Il volo di prova con equipaggio fa parte del Commercial Crew Program della NASA ed è destinato a trasportare equipaggio e merci da e verso la Stazione Spaziale Internazionale nell’ambito di un contratto da 4,3 miliardi di dollari con l’agenzia spaziale. Finora, l’altro partner commerciale della NASA, SpaceX, ha lanciato otto equipaggi sulla stazione spaziale.

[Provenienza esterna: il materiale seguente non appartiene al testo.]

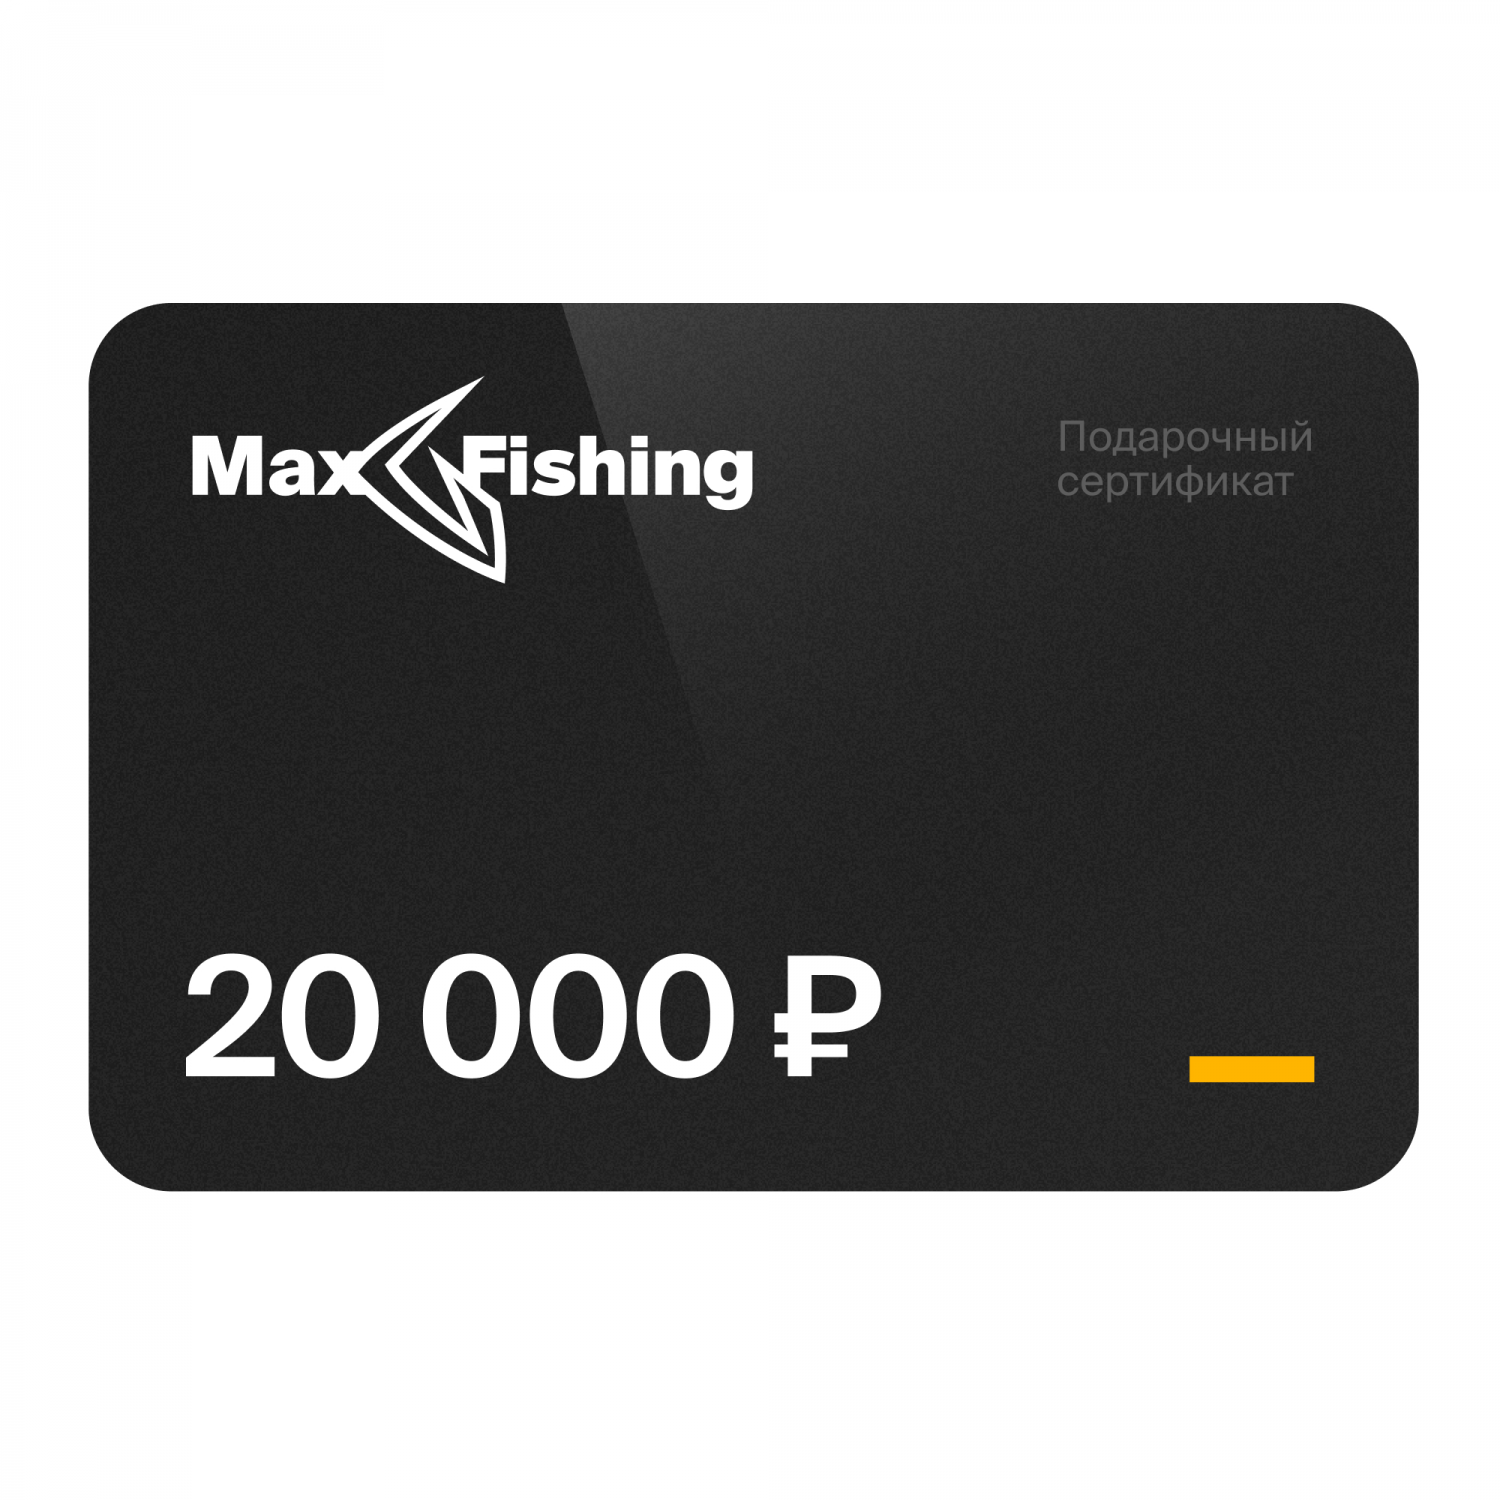 Подарочный сертификат MaxFishing 20 000 ₽ подарочный сертификат maxfishing 25
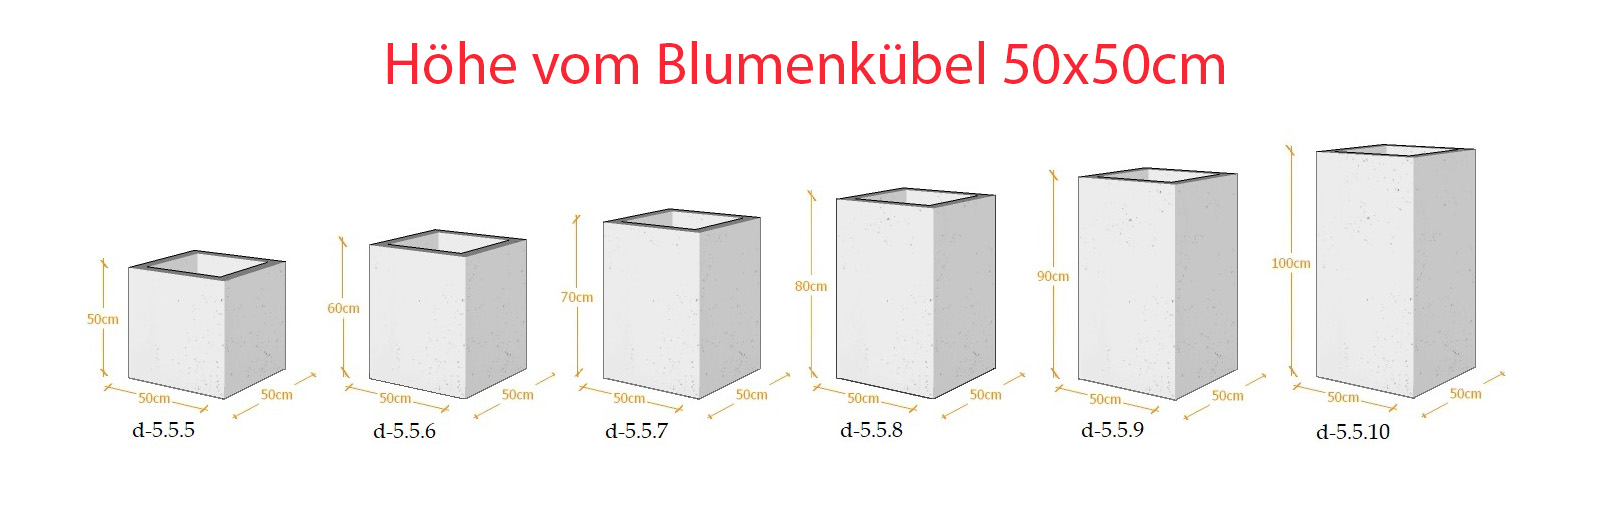 Lieferbare Abmessungen - Blumenkübel aus Architekturbeton 50x50cm x (50h-60h-80h-100h)

Questa settimana, la NASA e la Boeing hanno iniziato a testare un modulo completamente nuovo della navicella spaziale Starliner presso il poligono di prova missilistico White Sands nel New Mexico, nel tentativo di replicare i problemi ai propulsori incontrati durante il volo. “Le temperature che siamo riusciti a raggiungere non sono proprio quelle che speravamo in base ai dati di volo”, ha ammesso Stitch. “I team esamineranno questi dati e proveranno a determinare i passi successivi”.

Per ora, la navicella spaziale Starliner è ben stabilizzata nella sua orbita, ma prima o poi dovrà atterrare. La consegna dell’equipaggio alla ISS è prevista per metà agosto, quando è previsto che la navicella spaziale Crew-9 della NASA entri in orbita a bordo della navicella spaziale Dragon di SpaceX (lo so, è molto imbarazzante). Gli astronauti Wilmore e Williams dovranno lasciare la Stazione Spaziale Internazionale prima che ciò accada.

“Penso che stiamo lavorando duramente per cercare di tenere traccia dei dati e capire il primo momento in cui possiamo mirare alla separazione dall’attracco e dall’atterraggio”, ha detto Stitch. “Penso che alcuni dati suggeriscano, in modo ottimistico, che potrebbe essere entro fine luglio, ma seguiremo i dati passo dopo passo, e poi nel “momento opportuno, determineremo quando sarà l’occasione opportuna per sganciare il veicolo”.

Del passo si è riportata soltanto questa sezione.